All lines from the one bearing "Naughty coloring pages" through the end of the data below must be printed exactly as they stand, with pictures removed.

#### SUPPLIED DATA

○ ○ ○ ○

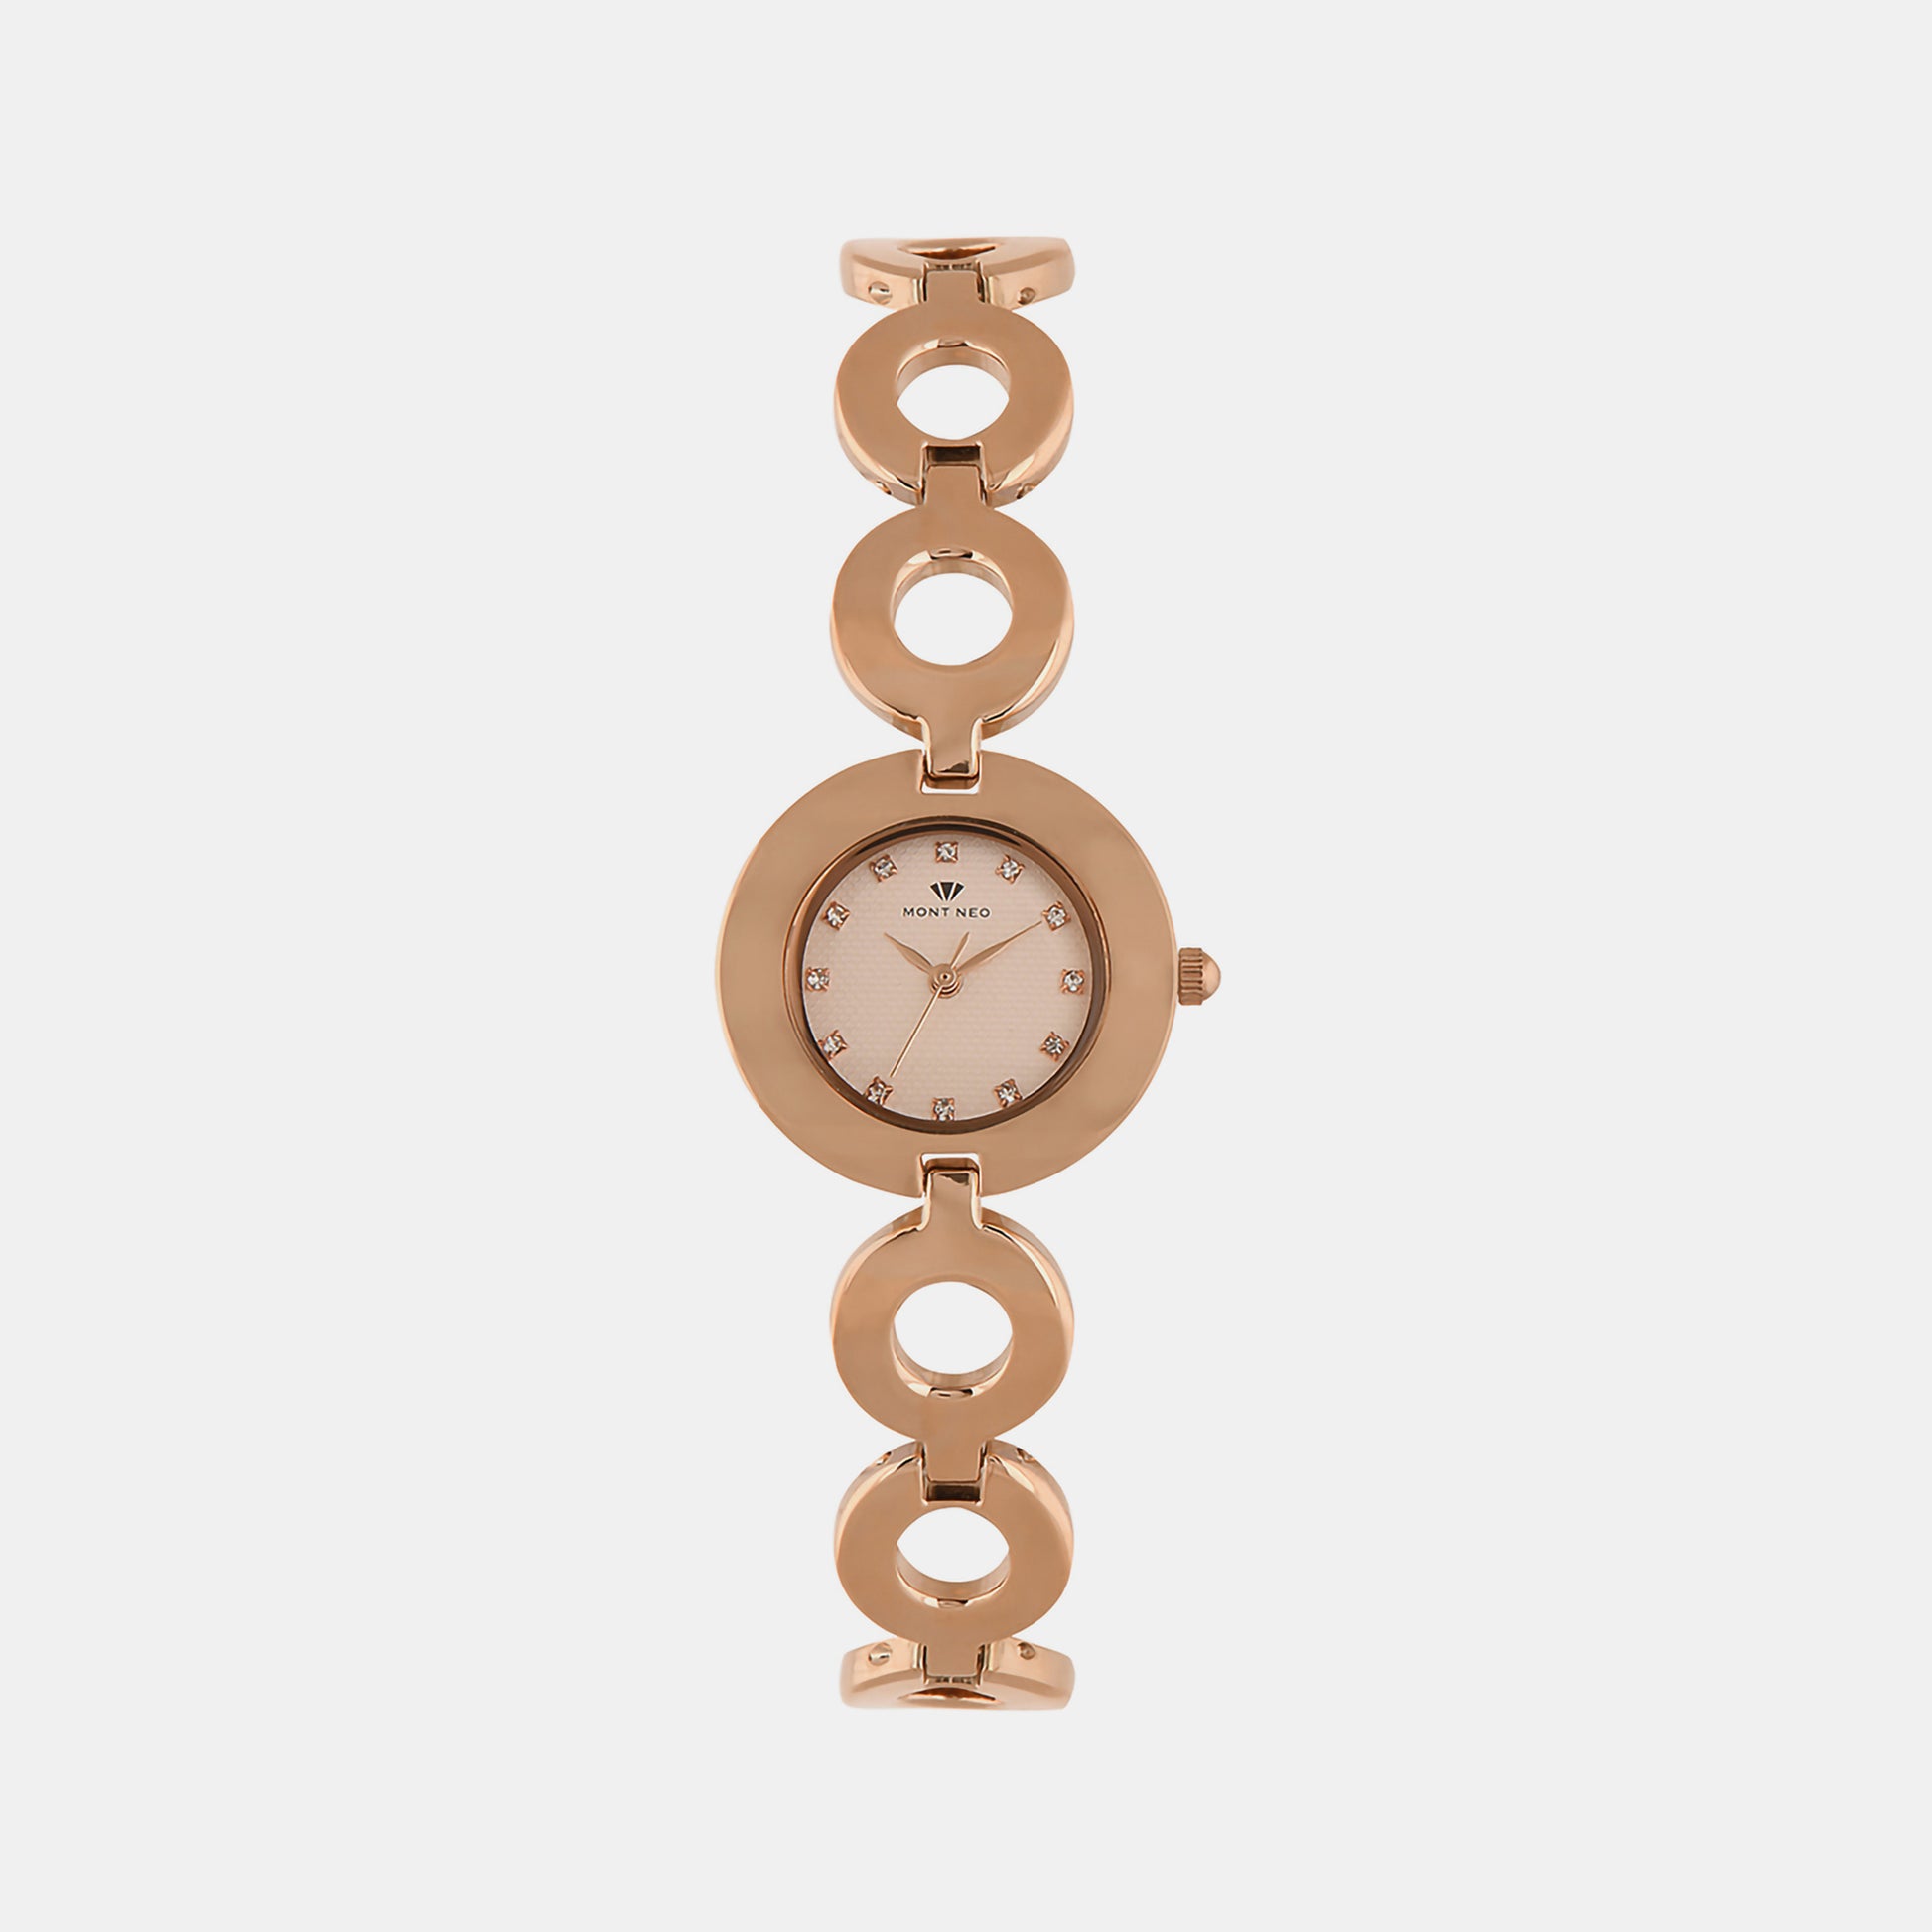 Female Rose Gold Analog Stainless Steel Watch 2015T-M3307
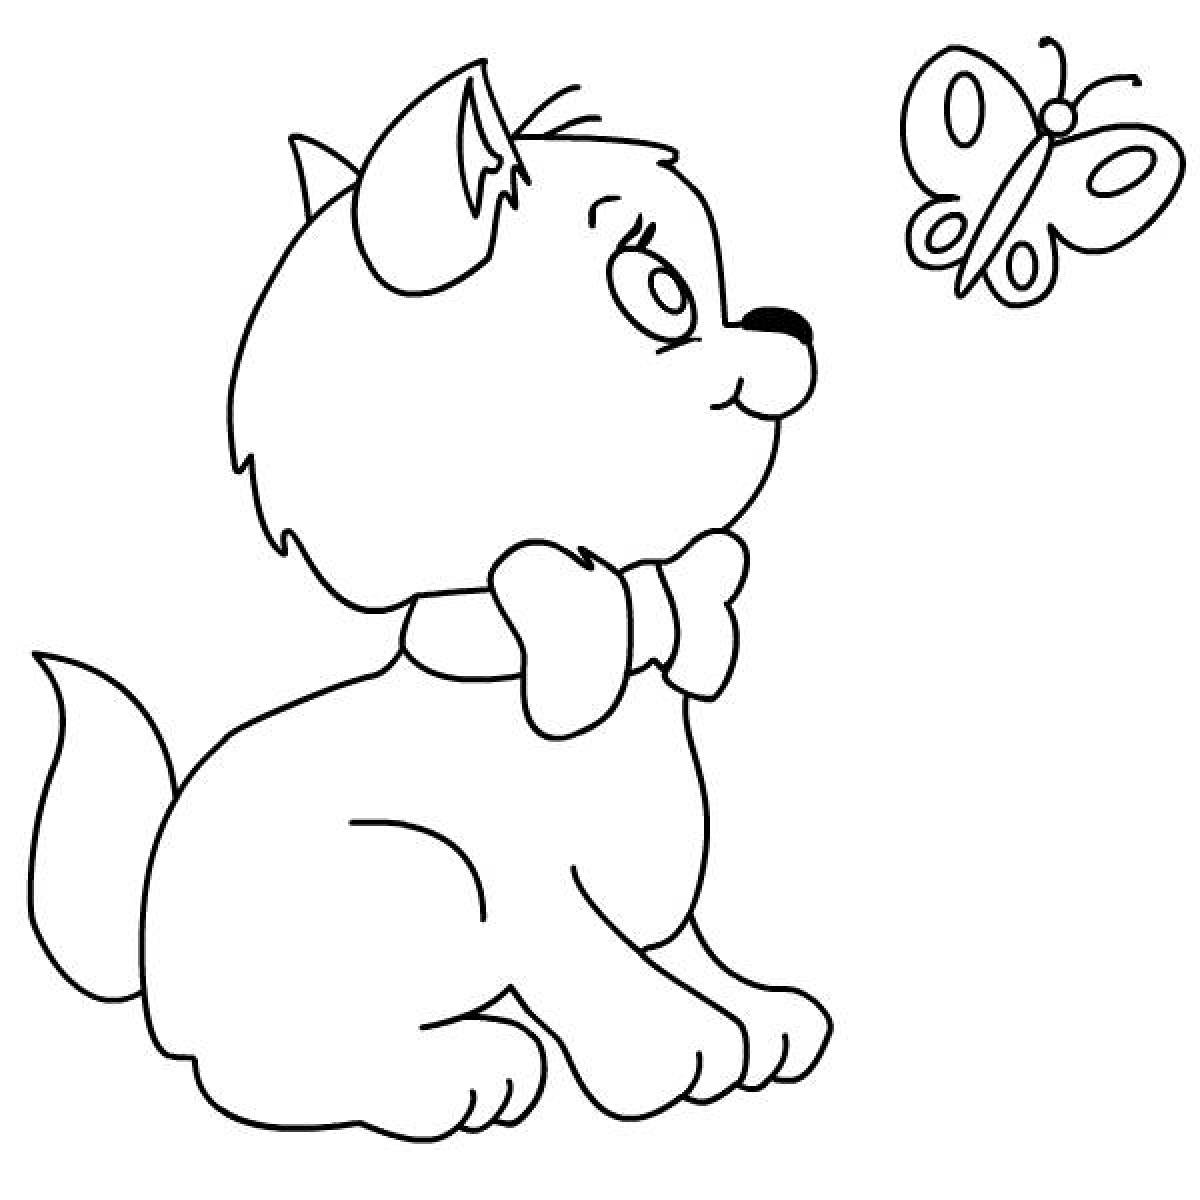 Naughty coloring pages dogs and kittens for kids
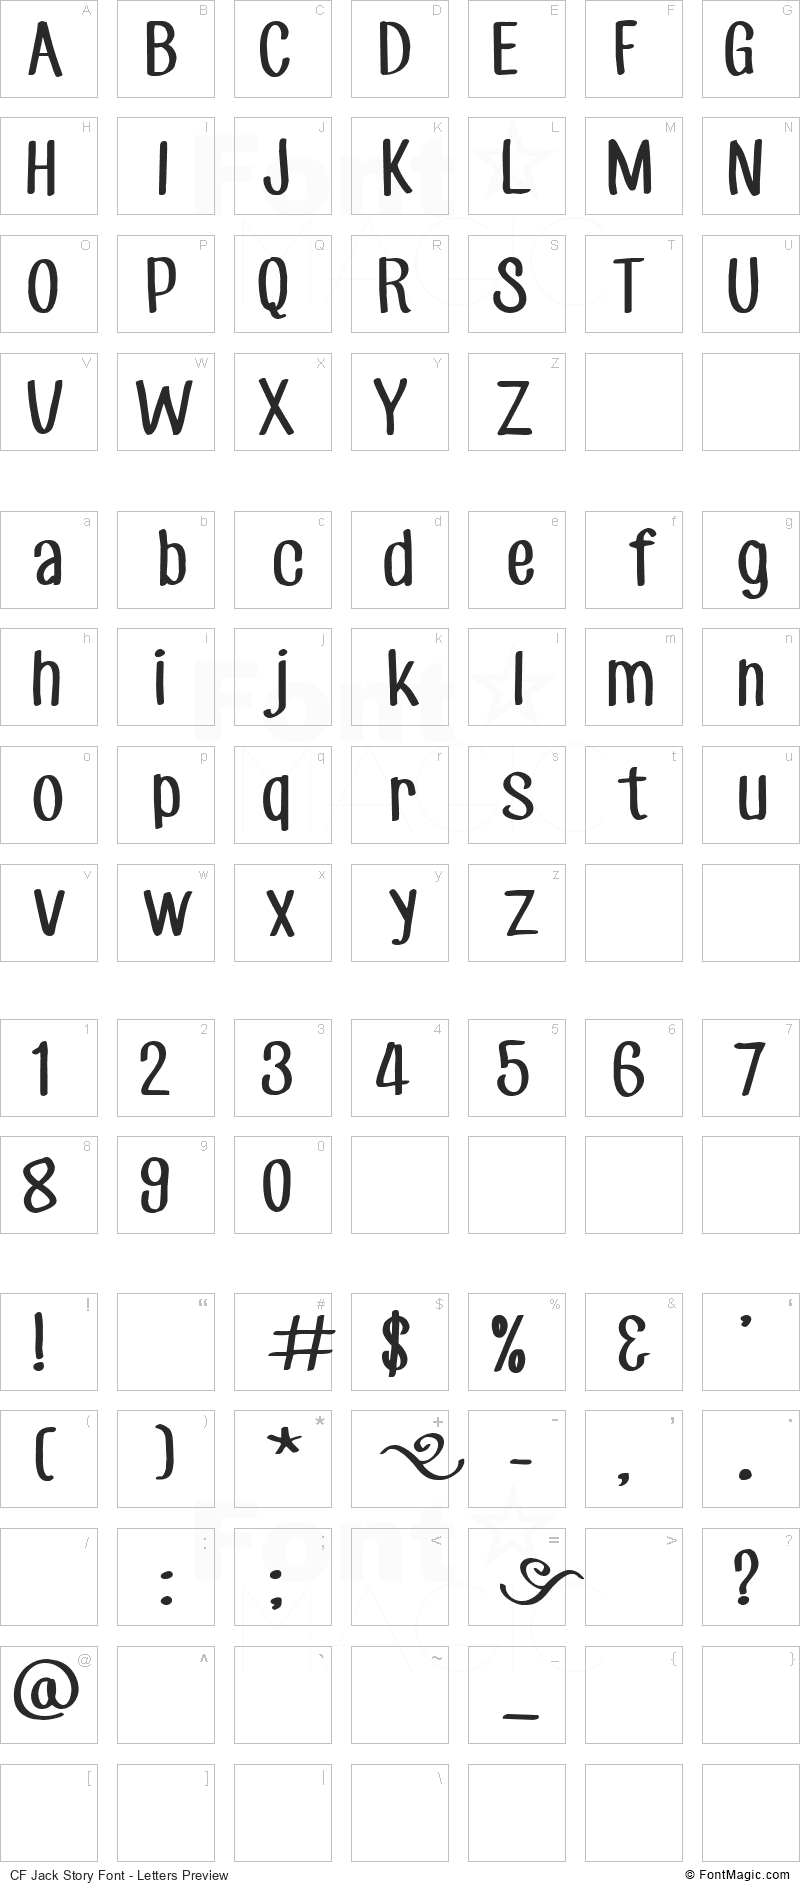 CF Jack Story Font - All Latters Preview Chart

○ ○ ○ ○

#### RESPONSE BOX
 Naughty coloring pages dogs and kittens for kids
 CF Jack Story Font - All Latters Preview Chart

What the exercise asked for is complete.